Самым горьким было разочарование на первом этапе, когда у нас сразу было много волонтерских проектов «помощи делом». Поздний вечер, я сижу в офисе и вижу: у фондов множество заявок. Cчастливая, окрыленная звоню им: «Смотрите, сколько у вас волонтеров». А мне в ответ: «Да? Это где? А как посмотреть, попасть?». И я понимаю, что это особенно никому не нужно. Это просто такая невероятная печаль, грусть, злость.
— А фонды сами тогда подавали эту заявку?
— Нет, сначала я, конечно, всех уговаривала изо всех сил. Зато когда мы увидели заявку от фода «Подари жизнь» — о-о, Боже мой, это же были просто до мурашек! До того я с ними встречалась, рассказывала, уговаривала. Они сказали: «Ну, попробуйте. Возможно, если у вас получится, может быть, мы сможем с вами работать». И я их понимаю, потому что у них сильный и известный бренд, они стояли у истоков благотворительности в России, добивались того, чтобы помощь получали все дети — а не только беленькая маленькая девочка. Фонд дорожит репутацией и вправе выбирать партнеров.
— Сейчас заявок много?
— Да, потому что фонды видят, что есть рост и это работает. Но работает-то у тех, кто тоже сам работает! Получаешь письмо: «Александра, добрый день! У нас опять очень плохо идет сбор. Мне кажется, что как-то фильтруются проекты очень странно на главной странице, мы просто не попадаем к пользователю. Что вообще вы с этим можете сделать?». Это классика. И это — бешенство. Потому что ты потом заходишь и понимаешь, что у этого проекта нет новостей, сам фонд ничего не сделал, чтобы проект продвигать. Это такая базовая грусть в «Добре», у некоторых есть ощущение, все само происходит, от фонда не требуется ничего, мы напишем Саше или Римме, и Добро быстренько разберется.
— Поставит на главную страницу, ссылочку туда зашьет!
— У нас был один фонд из региона, который написал на меня жалобу в 12 печатных листов со скриншотами из моего Facebook, с какой-то бешеной горой обвинений в том, что я, видимо, имею личную заинтересованность в тех проектах, которые я продвигаю у себя на странице, что выдача построена таким образом, что фонд из Москвы попадает, а из другого города — нет.

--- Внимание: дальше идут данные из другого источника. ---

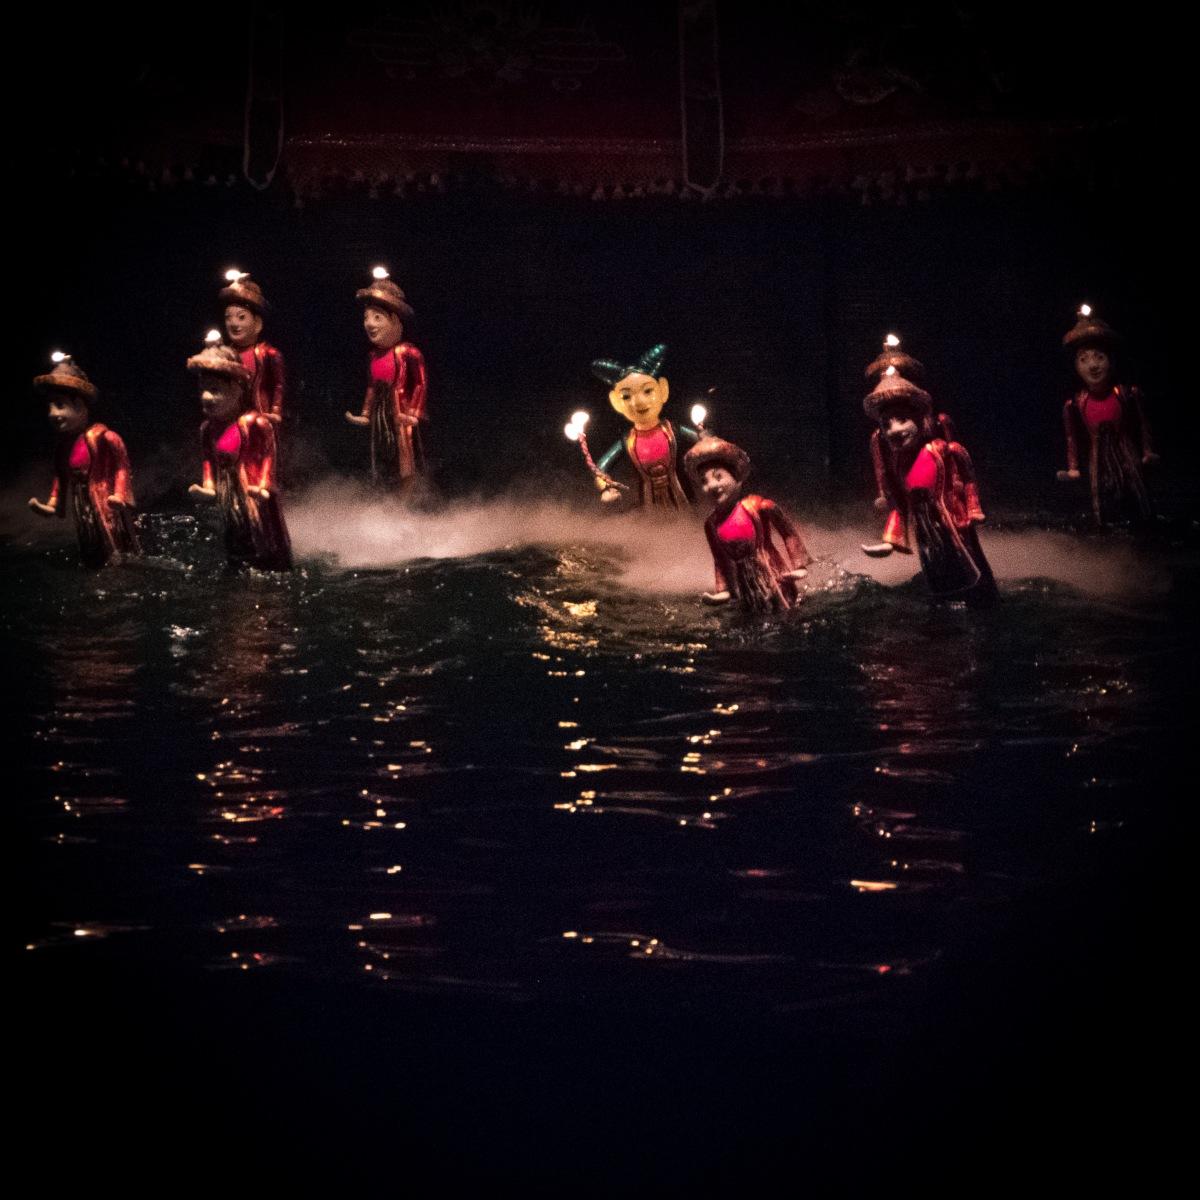 201607 Vietnam13.jpg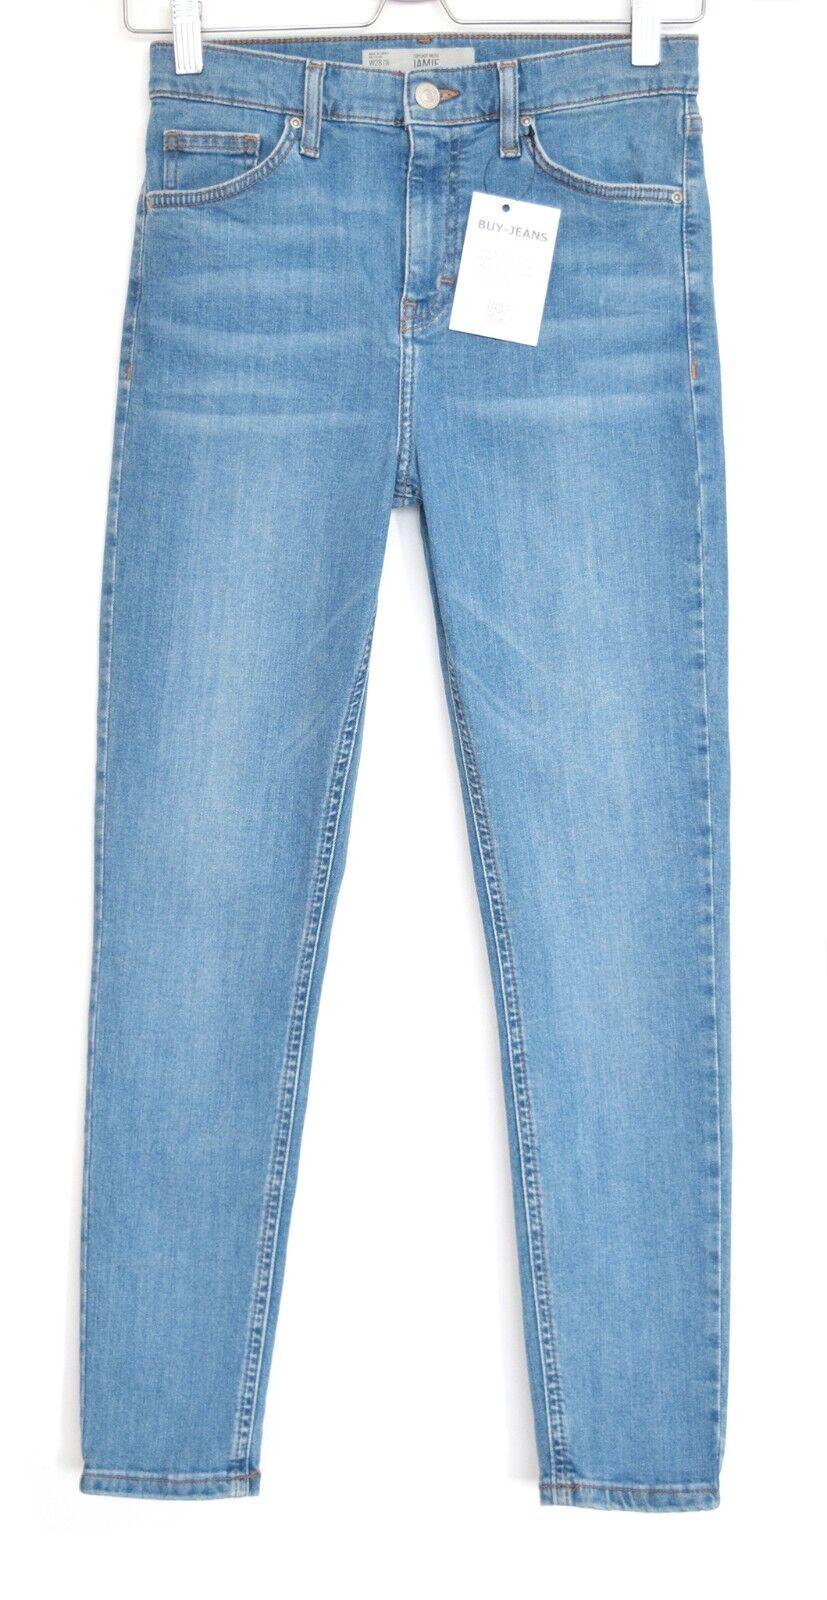 Topshop SUPER SKINNY JAMIE High Rise Medium bluee Stretch Jeans Size 6 8 W26 L32

Выйти из благотворительного гетто
— Как живется с тем, что количество вкладываемых усилий души и жизни не всегда пропорционально результату?
— Я очень расстраиваюсь и даже плачу.
— Вот это состояние, когда ты каждый день головой пробиваешь кирпичную стенку?
— Да, причем это перманентное состояние на всех этапах.
— Кирпичная стенка каждый раз своя — у одних непонимание, у других слишком большие претензии… И все время хочется, чтобы хоть кто-нибудь увидел, как это всё круто, полезно, нужно, важно.
— И это действительно круто, полезно и важно. Сейчас уже что-то стало происходить, есть много людей, которым нравится «Добро», и много людей, которые помогают регулярно, настроили автоплатежи. Еще вчера это вообще какой-то космос был! Люди объединяются с коллегами, чтобы помогать — так мы закрыли в июне проект про девочку Алсу. Такое просто окрыляет, это абсолютное счастье, мы реветь начинаем! Ты понимаешь, без нашей работы огромное количество людей вообще бы не сделали ничего благотворительного в своей жизни.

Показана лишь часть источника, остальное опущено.